My Testimony
It's no longer just a story when I read it
The Woman at the Well
'Cause I've seen Him for myself and I believe it
-Olivia Lane
Have you ever looked at someone and wondered how on earth they had such a great trust, love, and testimony of Jesus? That was me a couple of years ago. My story of how I came to know Jesus may or may not be similar to how you came to Him, but it is worth telling just the same. I was born and raised in a Christian home. I could probably tell you the gist of most scripture stories. We read the scriptures as a family and went to church every Sunday, religiously. I thought I knew Jesus—until about five years ago. So, let’s take a walk down memory lane:
I was a single mom of three little girls, working as a teacher in a Catholic school, and trying to pick up the pieces of a shattered world filled with abuse, betrayal, and hurt from an abusive ex-husband. Our entire world had been turned upside down, and I thought at the time that we were doing okay—not just surviving, but actually thriving. I had met an amazing guy, and he was helping not only to pick up the shattered pieces but glue them back together for me and my girls. Life seemed to be finally coming together, and I was so grateful to have pushed through the darkness to finally dance in the light.
However, life would quickly change. A prayer I uttered would alter my entire reality just a year later. At the start of that teaching year, I was invited to come up with a faith plan to present to the administration. The challenge or question presented was: How can you grow your faith over the next school year?
So, I began to reflect on how I could and would grow my faith, and it hit me hard: I knew of who Jesus was, but I didn’t know Him personally. I prayed a prayer, asking God for direction and help to guide me in coming to know Jesus personally. And in all honesty, some days I am so grateful that I uttered that prayer because I have come to know Him in such an intimate way. But it hasn’t come without great loss, facing shame, grief, humiliation, and a completely broken heart. The time and pieces that had been picked up and glued back together were quickly shattered again into even smaller pieces. I’ve had to completely rely on Jesus to be the one who picks up those pieces and holds them, ready to glue them back together when I’m healed through His unwarranted grace and love, because of who He is.
The time has not yet come to share my entire story, but what I can share is this: I lost everything—everything.
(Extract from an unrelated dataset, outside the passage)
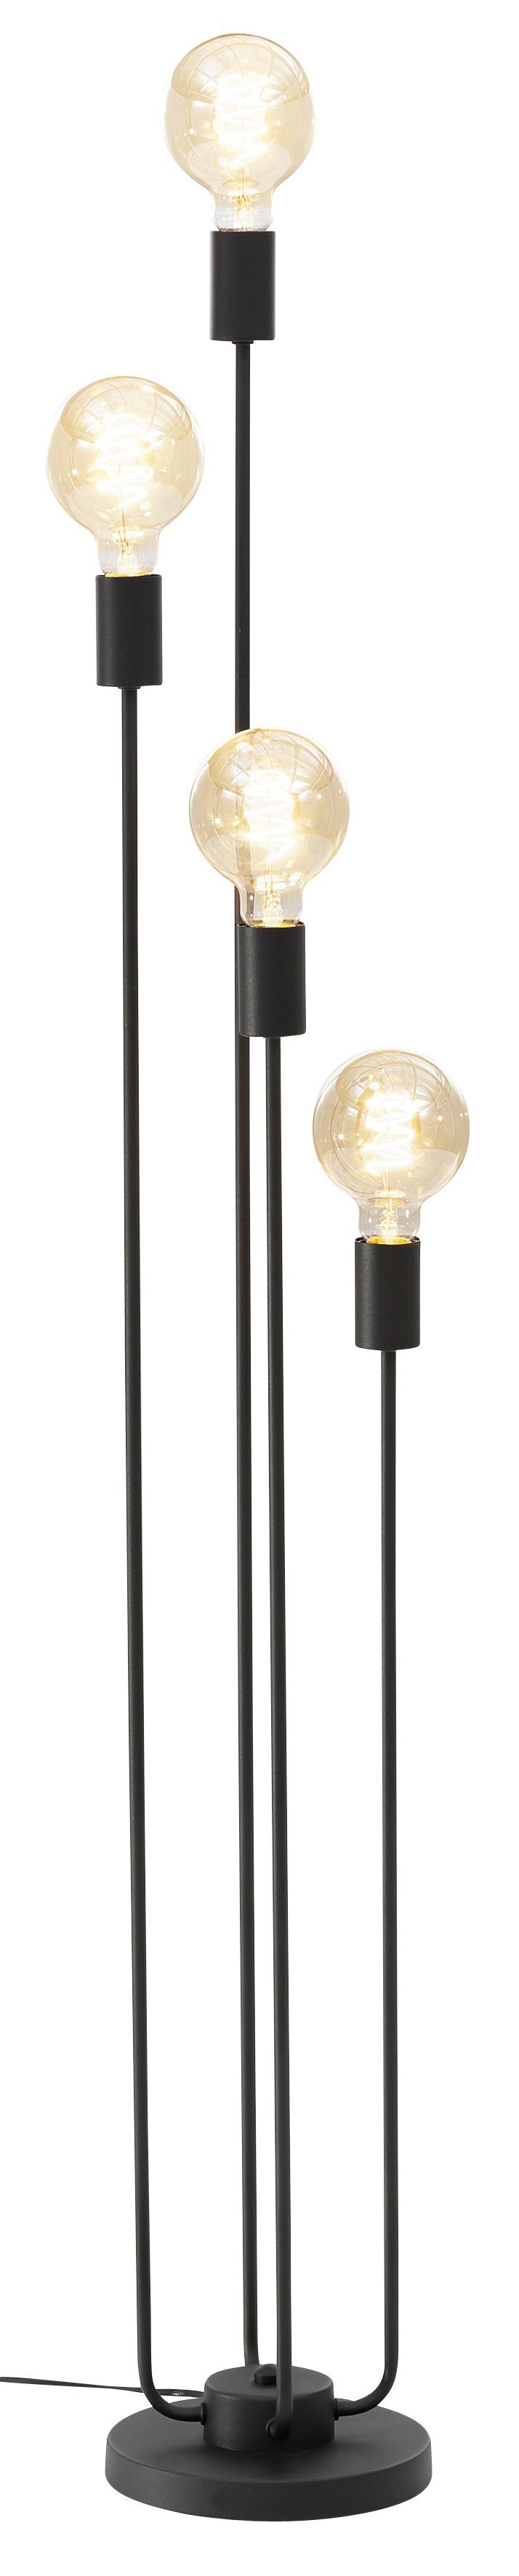 Leonique Stehlampe Jarla, ohne Höhe goldfarbenen/schwarzen Fassungen, Stehleuchte Leuchtmittel, 137 cm mit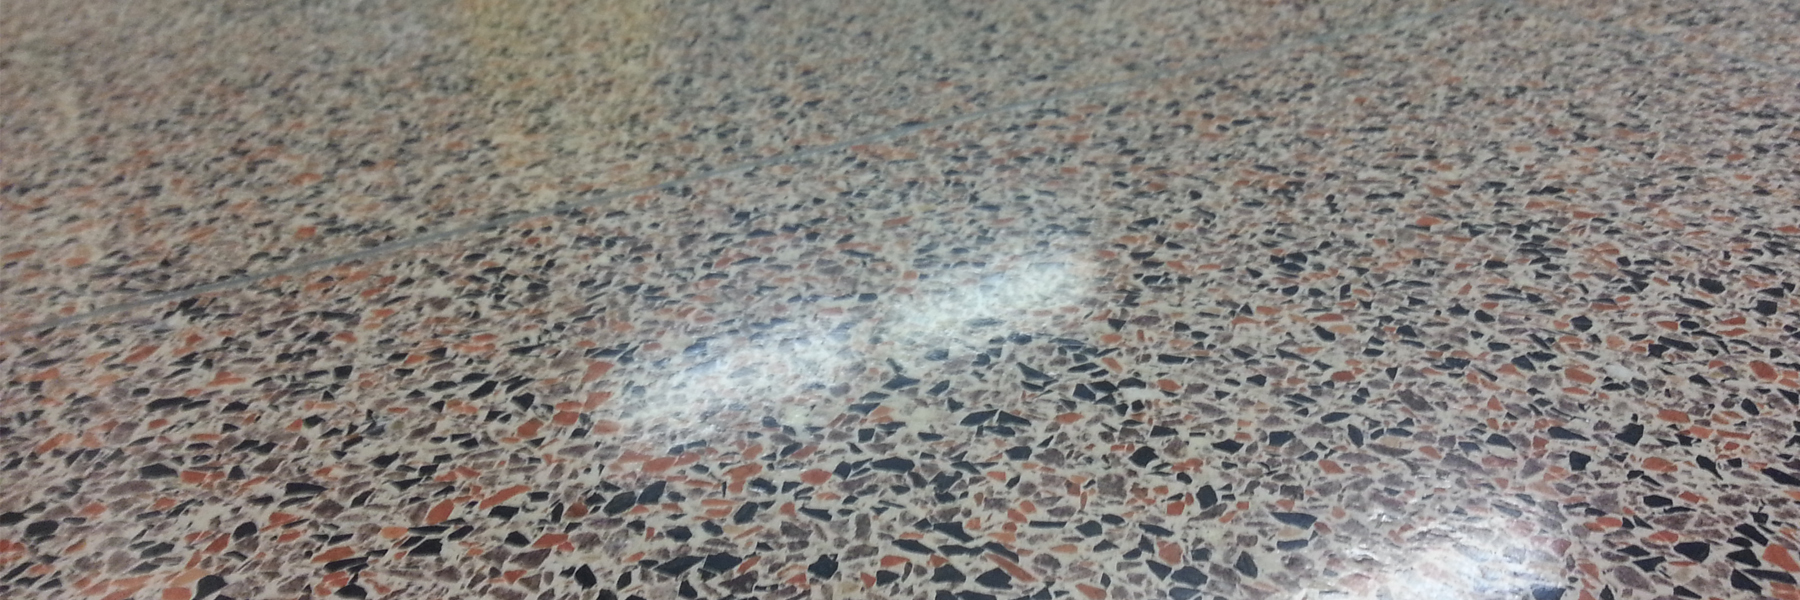 Terrazzo floor at Cedar Rapids school

The boy who seemed so amazing and perfect? We broke up. Life with my girls took an absolute turn for the worse. The career I’d worked so hard to build came to a screeching halt. But, in the midst of all of that, I found Jesus in the ashes of a completely broken and shattered world.
So, now that the stage is set, you’re probably wondering: How did you come to know Jesus through all that brokenness? Well, here’s the answer: worship music. Many of the songs I felt so drawn to during my time of utter heartbreak, complete confusion, betrayal, and loss were those sung by Mark Hall and the band members of Casting Crowns. Through those songs, I found truth, comfort, and a deeper understanding of God’s love and who Jesus truly is. I listened to them on repeat. It got to a point where I wasn’t just content to listen to the worship music that Casting Crowns produced, but I had this insatiable thirst to know Jesus like that for myself.
So, I did what any sane person would do: I started to research Mark Hall. Now, you’re probably wondering how this leads to Jesus, but don’t jump ship just yet. I learned about Mark Hall’s testimony of Jesus, how he viewed the Bible, the stories behind his songs, and then I learned about the church he attended. I began logging on to YouTube every Sunday to participate in the worship service he was a part of. I took notes from the Sunday sermons and spent much time during the week pouring over years' worth of sermons from the church Mark Hall attended.
Over that time of learning, seeking, and praying, I’ve come to know Jesus in a whole new way. I wish I could say my testimony is as strong and deep as Mark Hall’s, but I’m not there yet. I still have to face the reality of unlearning misconceptions about who God is and accepting Jesus for who He truly is. Every day, I make the conscious choice not to numb my pain with worldly distractions but to bring it to Jesus, asking Him to heal it. And each day, He meets me where I am, and little by little, I come to know Him more intimately.y.
If you want to know Jesus for yourself, there’s only one way: well, maybe two. Get down on your knees and cry out to your Maker to show you who He is. And read the Bible, because you’ll find Jesus in those pages. The greatest gift I now hold and cherish, both now and forever, is my Bible and the relationship I have with Jesus.